A word-for-word retyping of the listing below is required, with the pictures dropped.

» PROVIDED DATA:
★ ★ ★ ★
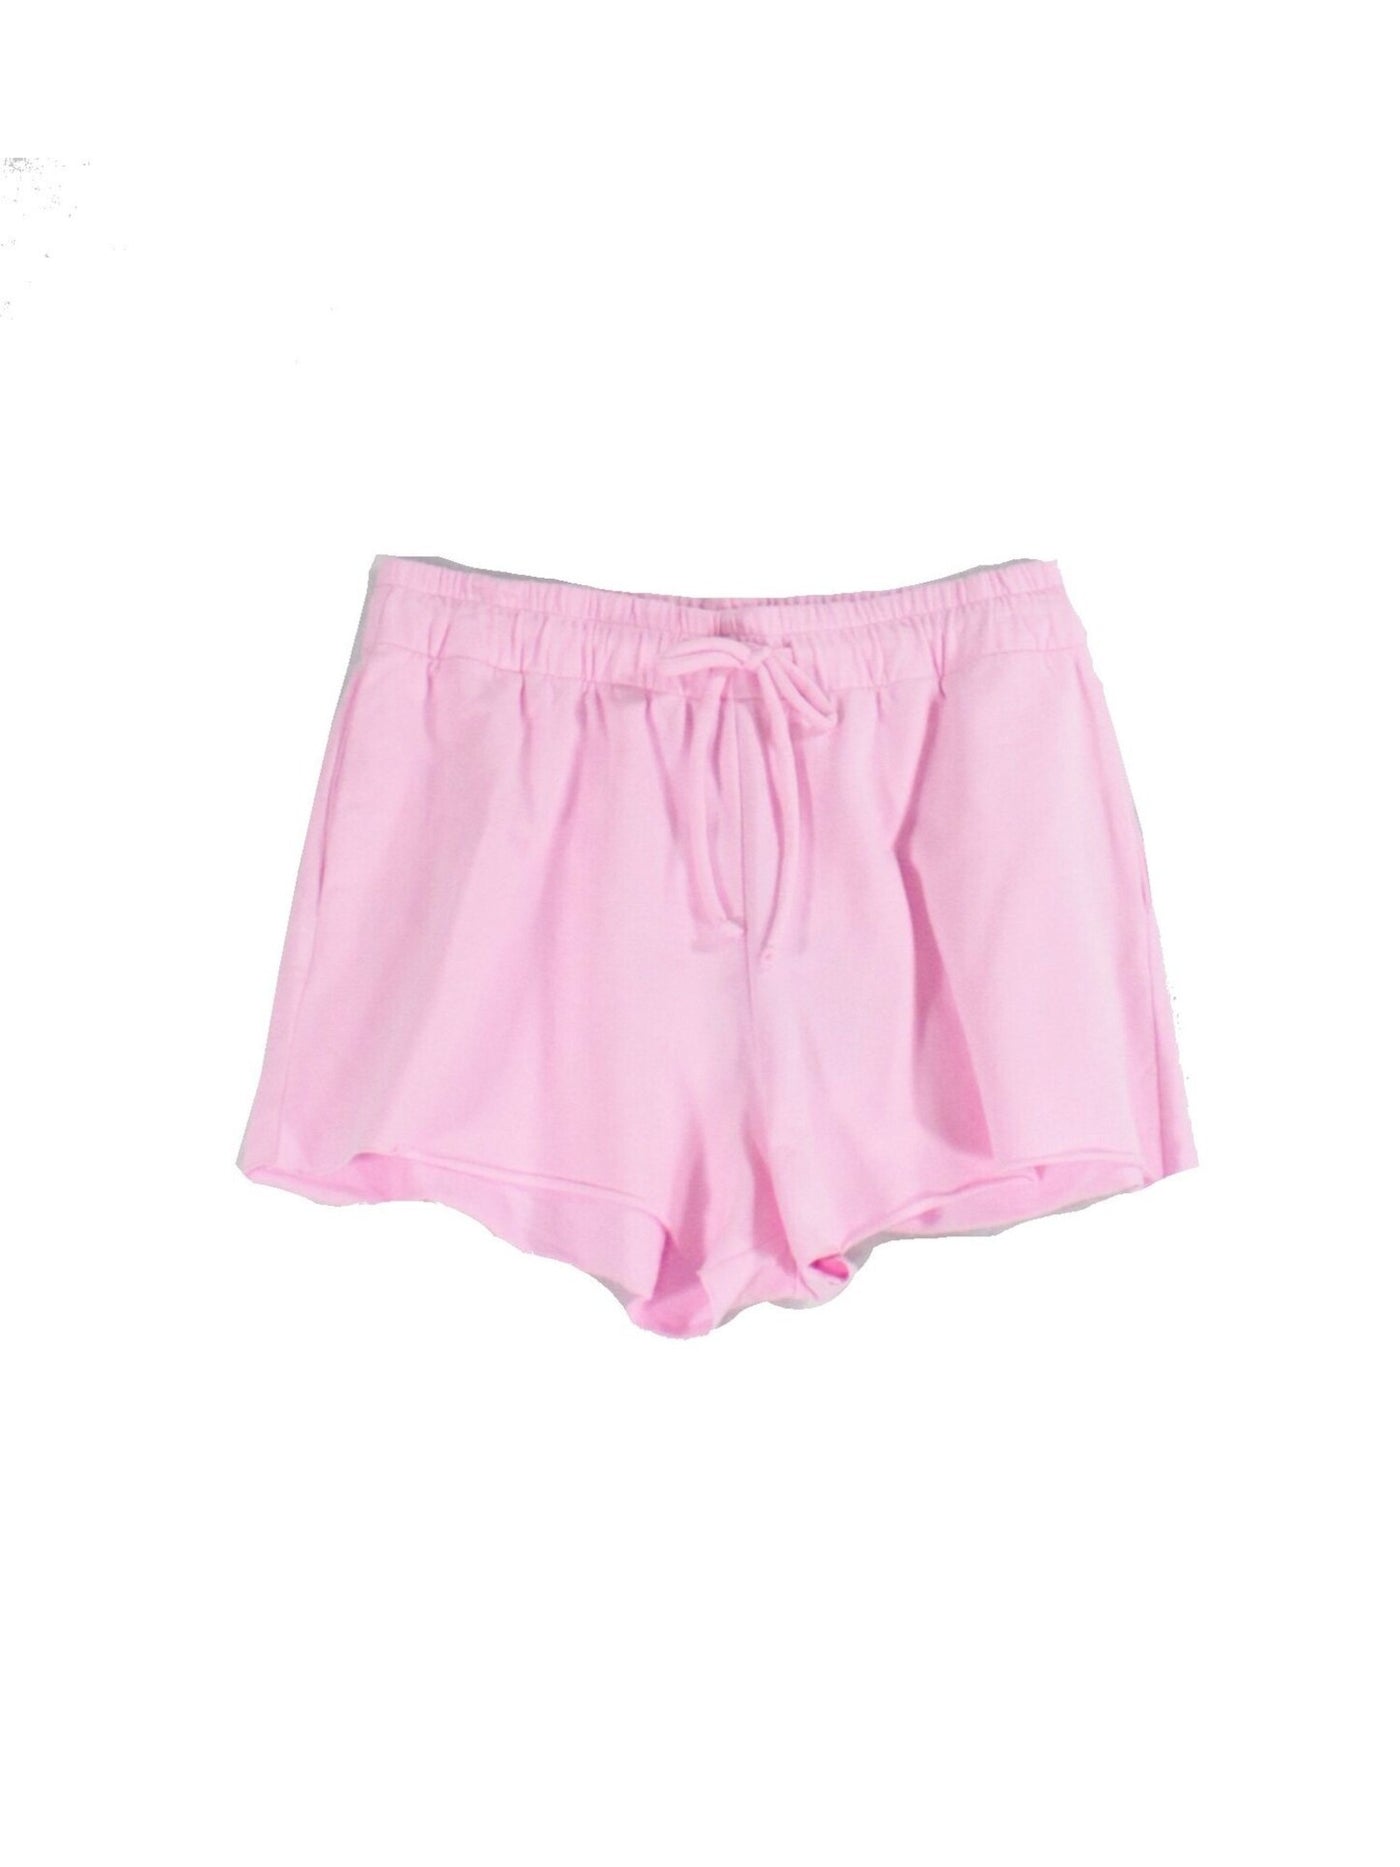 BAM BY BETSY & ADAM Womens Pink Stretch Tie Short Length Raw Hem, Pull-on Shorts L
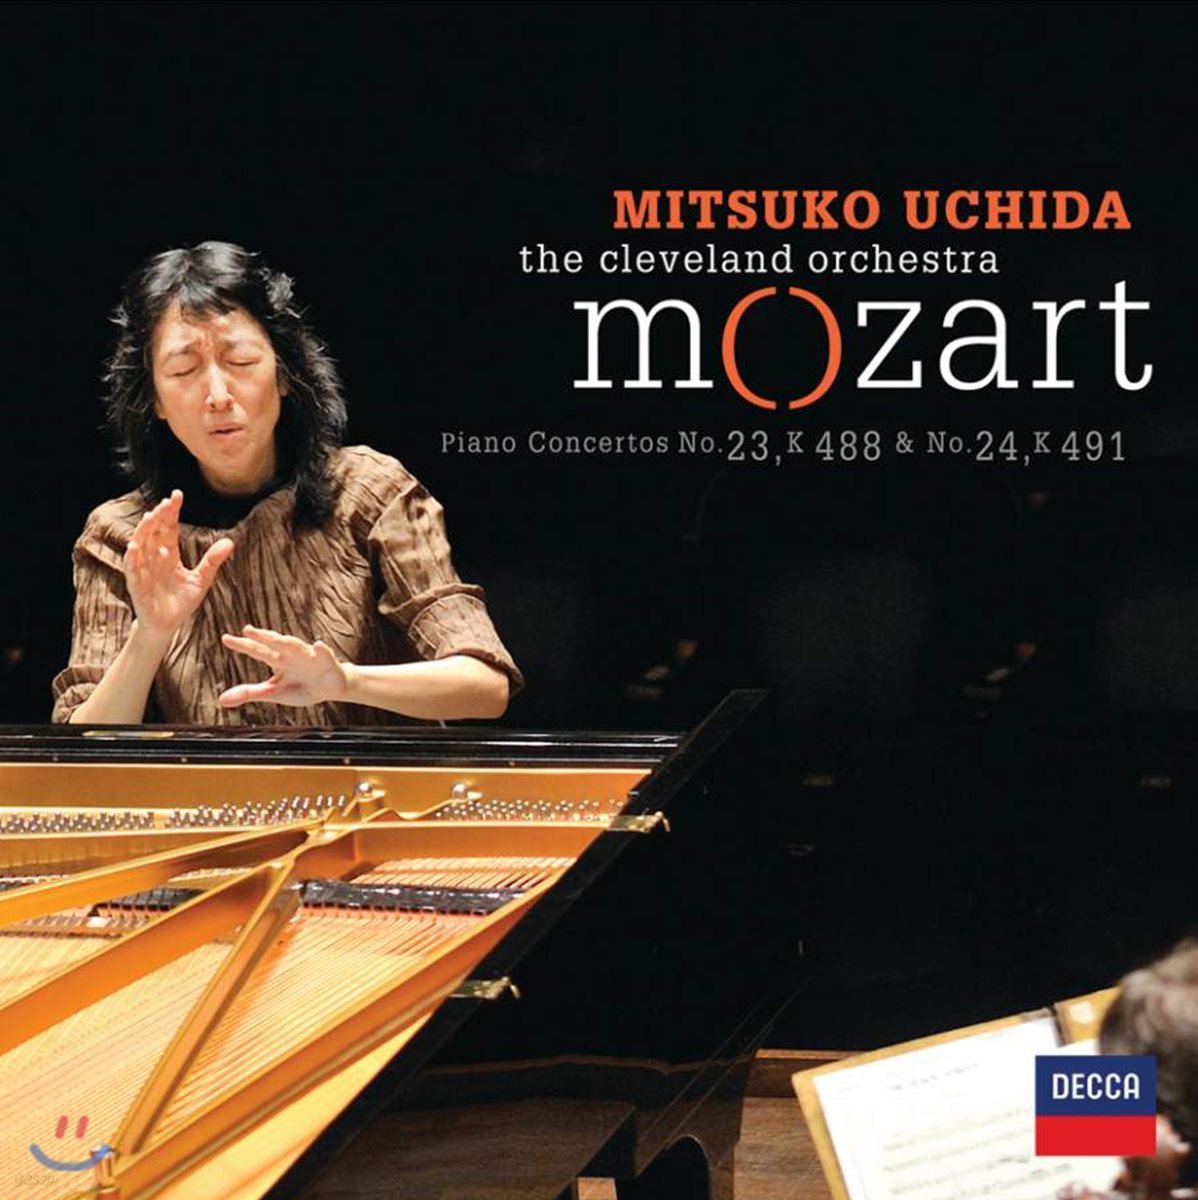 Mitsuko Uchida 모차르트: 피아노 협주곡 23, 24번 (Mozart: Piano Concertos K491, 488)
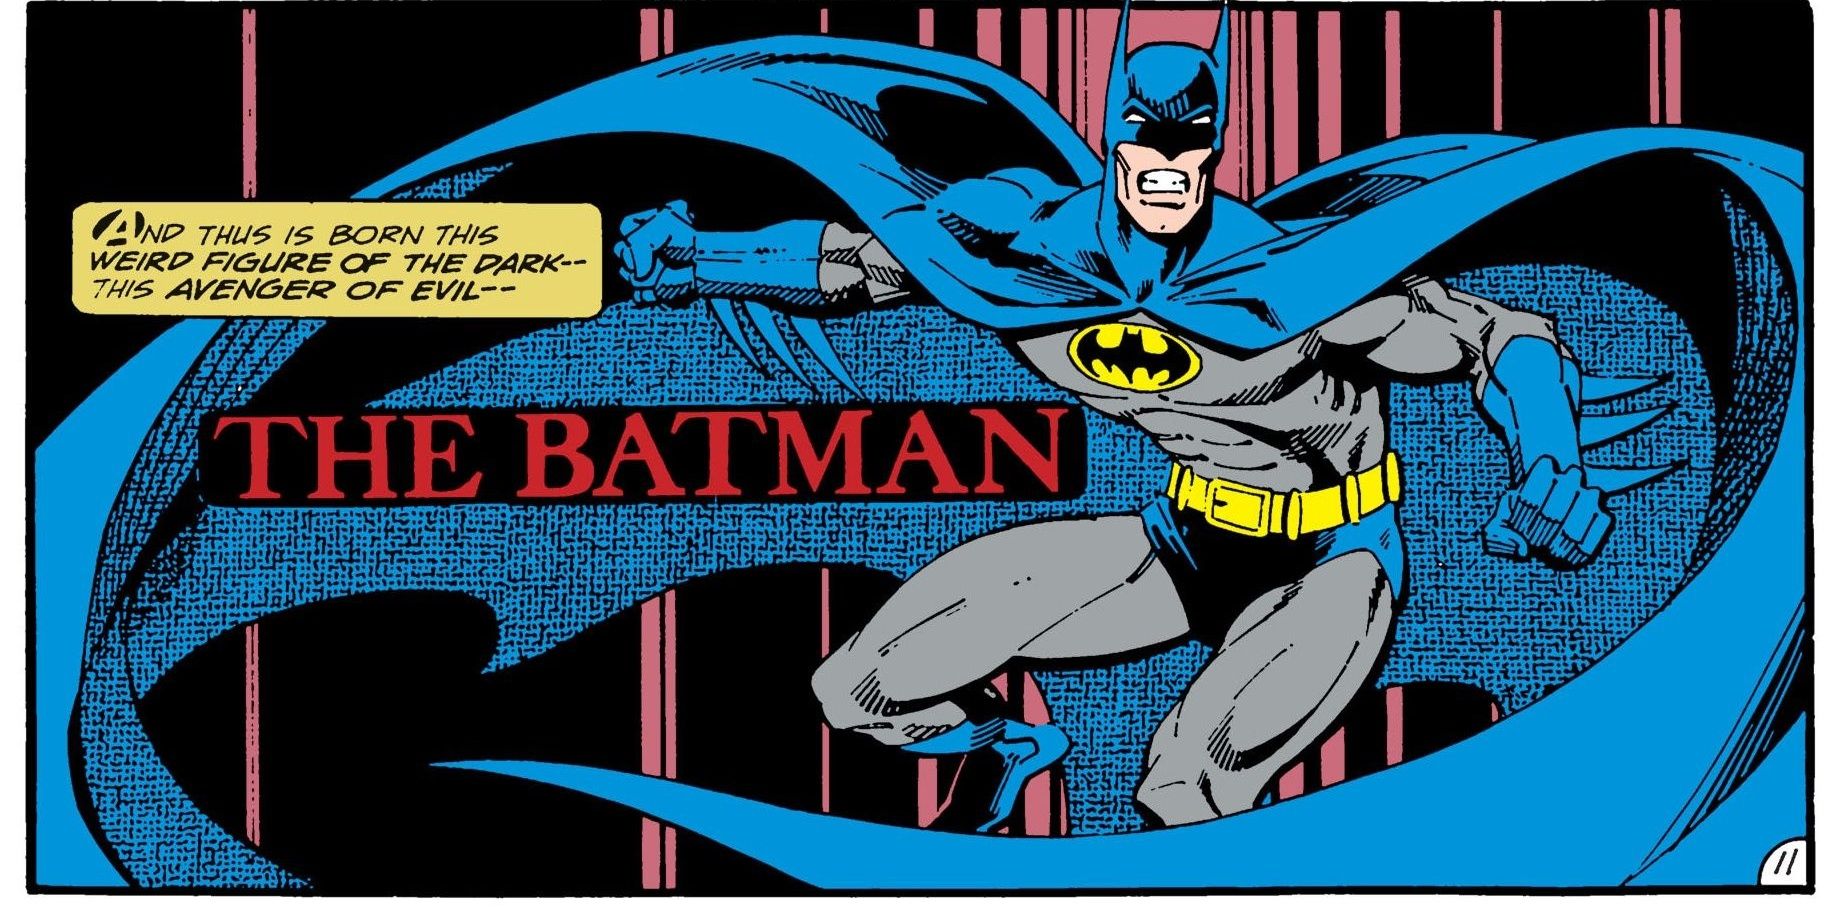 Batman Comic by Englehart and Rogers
★ ★ ★ ★
» SOLUTION TO THE PROBLEM:
 BAM BY BETSY & ADAM Womens Pink Stretch Tie Short Length Raw Hem, Pull-on Shorts L
 Mitsuko Uchida 모차르트: 피아노 협주곡 23, 24번 (Mozart: Piano Concertos K491, 488)
 Batman Comic by Englehart and Rogers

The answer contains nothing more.